[R] prcomp function
cbeleites at units.it
Wed Nov 10 15:07:35 CET 2010
I think PCA decomposes matrix A according to A'A, not to COV (A).
But if A is centered then A'A = (n + 1) COV (A).
So for non-centered A, you want to look at A'A instead:
> crossprod(A) %*% evec[,1] / (nrow (A) - 1) - eval  * evec [,1]
If I'm telling crap, someone please correct me!
Hope that helps,
On 11/10/2010 02:41 PM, kicker wrote:
> I have a short question about the prcomp function. First I cite the
> associated help page (help(prcomp)):
> SDEV the standard deviations of the principal components (i.e., the square
> roots of the eigenvalues of the covariance/correlation matrix, though the
> calculation is actually done with the singular values of the data matrix).
> ROTATION the matrix of variable loadings (i.e., a matrix whose columns
> contain the eigenvectors).

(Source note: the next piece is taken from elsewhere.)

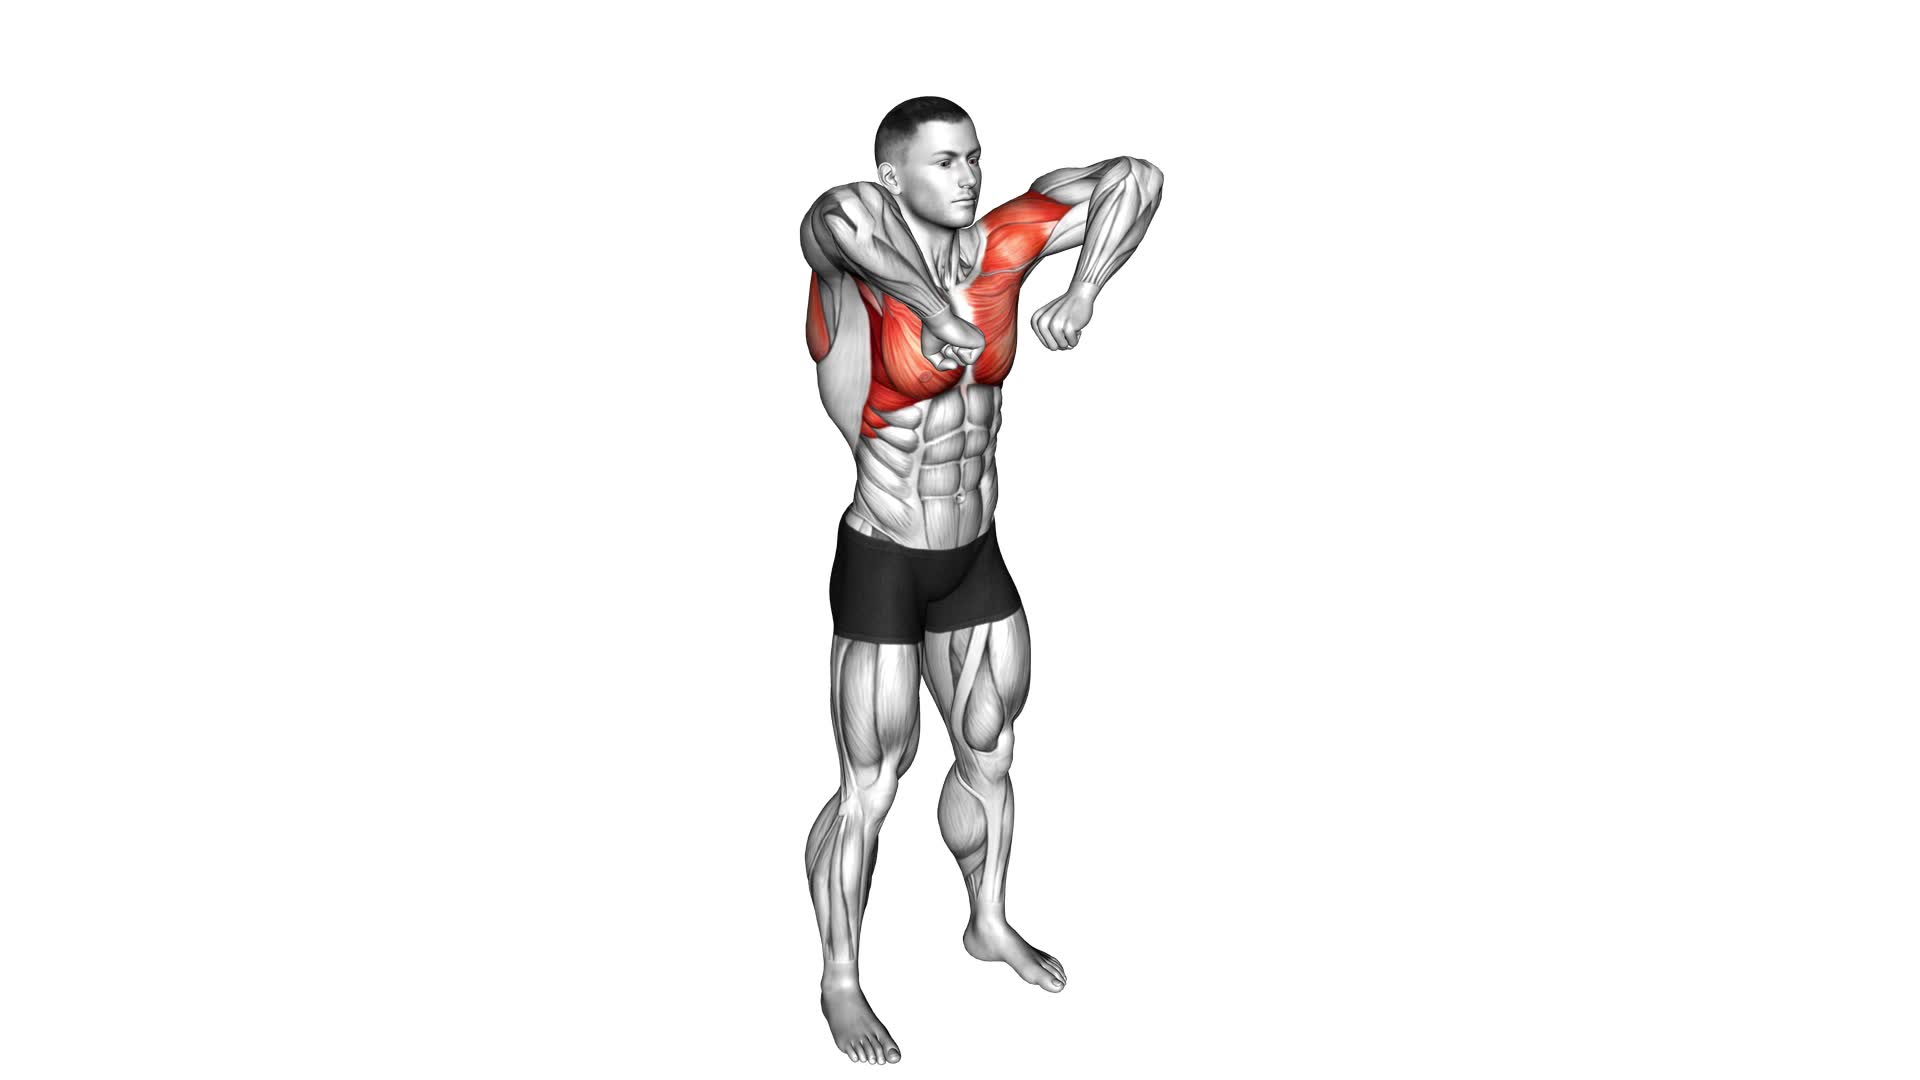 Elbow Touch and Lift (male) - Video Exercise Guide & Tips

The function princomp returns this in the element
> Now please take a look at the following easy example:
> first I define a matrix A
> then I apply PCA on A
>> eval<-trans$sdev*trans$sdev #eval is the vector of the eigenvalues of
> cov(A) (according to the cited help text above)
>> evec<-trans$rotation #evec is the matrix with the eigenvectors of cov(A) as
> columns (according to the cited help text above)
> now the eigenvalue equation should be valid, i.e. it should hold
> cov(A)%*%ev[,1]=ew*ev[,1]. But it doesn´t, my result:
> cov(A)%*%ev[,1]= t(-0.8244927, -0.8325664,0.8244927)
> So my question is : why does the eigenvalue equation not hold ?
> The eigenvalue equation holds when I set center=T in the options of the
> prcomp function. But as far as I know and as I understand the help text it
> should have no influence on the eigenvalue equation whether the data are
> centered or not. I know about the advantages of centered date but I want to
> understand how the prcomp function works in the case of uncentered data.
> Thank you very much for your efforts.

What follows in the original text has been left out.